◆ EXERCISE DIRECTIONS ◆
Every line of the listing below is to be duplicated exactly, with the pictures left out.

◆ PROVIDED MATERIAL ◆
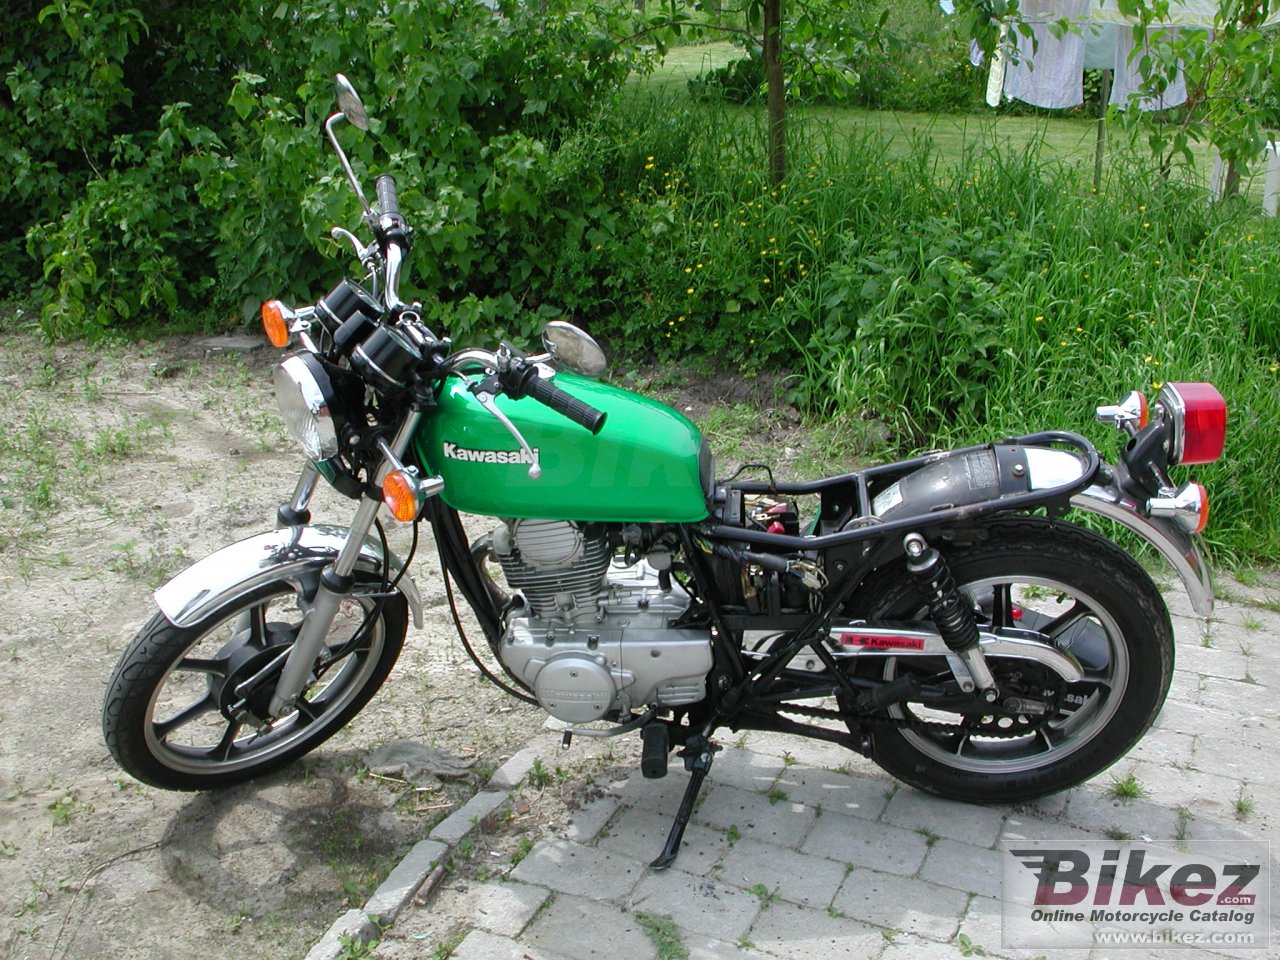 Kawasaki Z 250 C
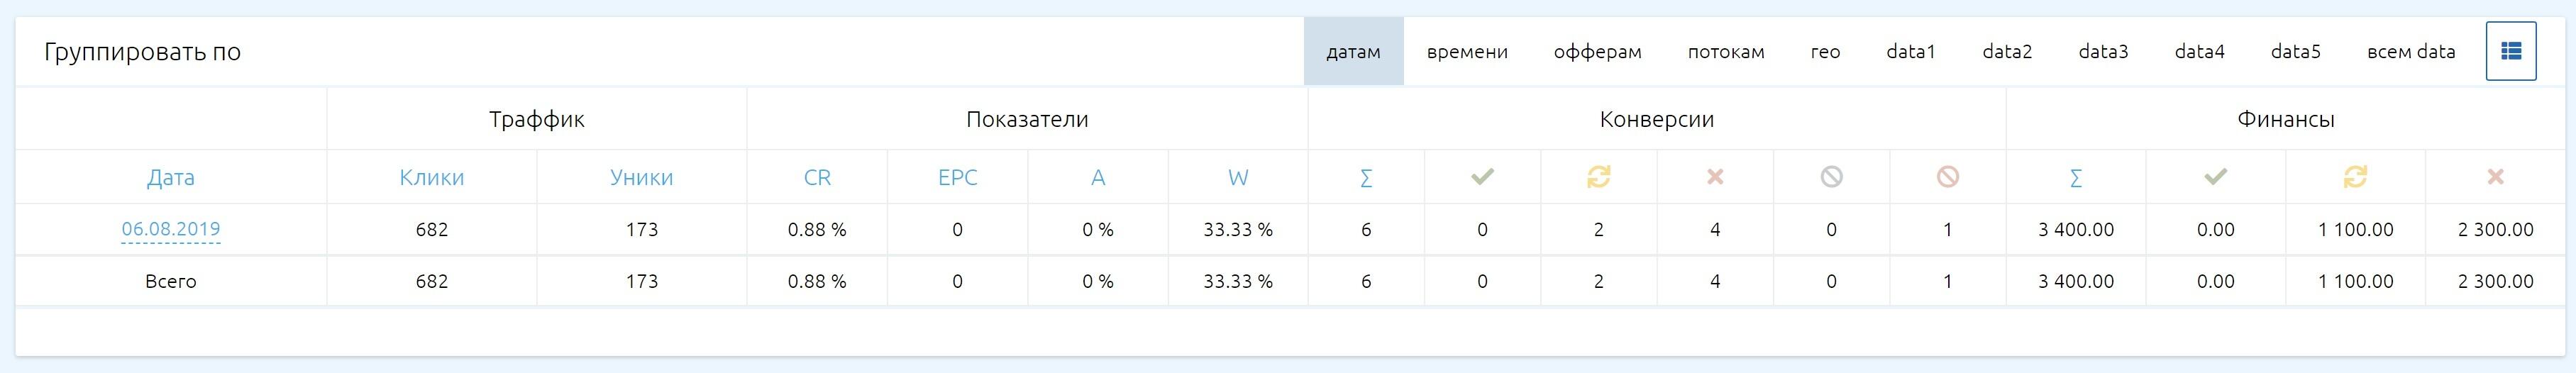 статистика с kma.biz
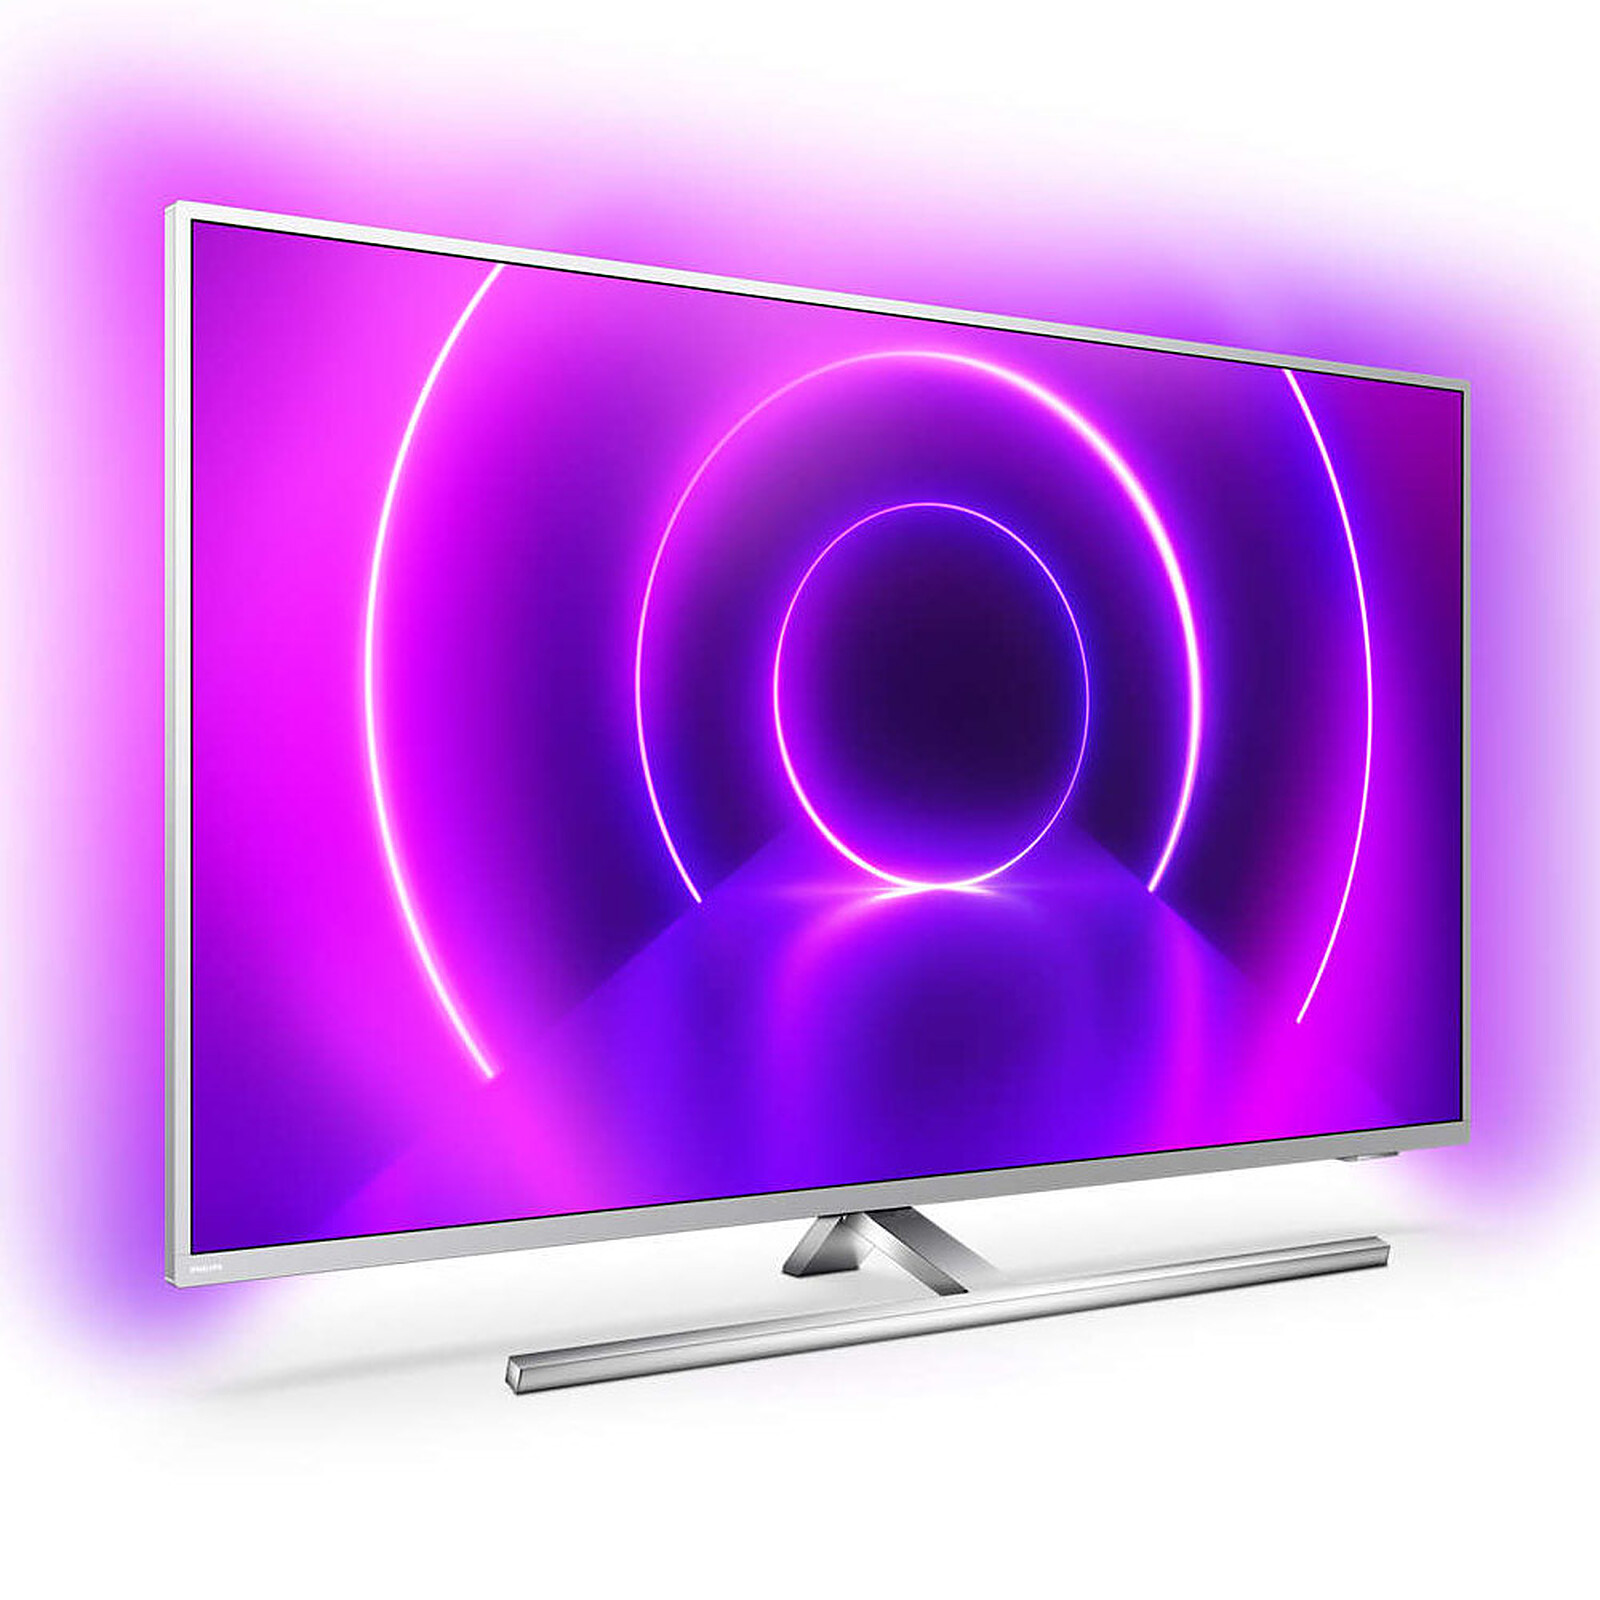 TV Mini LED Ambilight 65 (165,1 cm) Philips 65PML9008/12, 4K UHD, Smart TV

◆ YOUR RESPONSE ◆
 Kawasaki Z 250 C
 статистика с kma.biz
 TV Mini LED Ambilight 65 (165,1 cm) Philips 65PML9008/12, 4K UHD, Smart TV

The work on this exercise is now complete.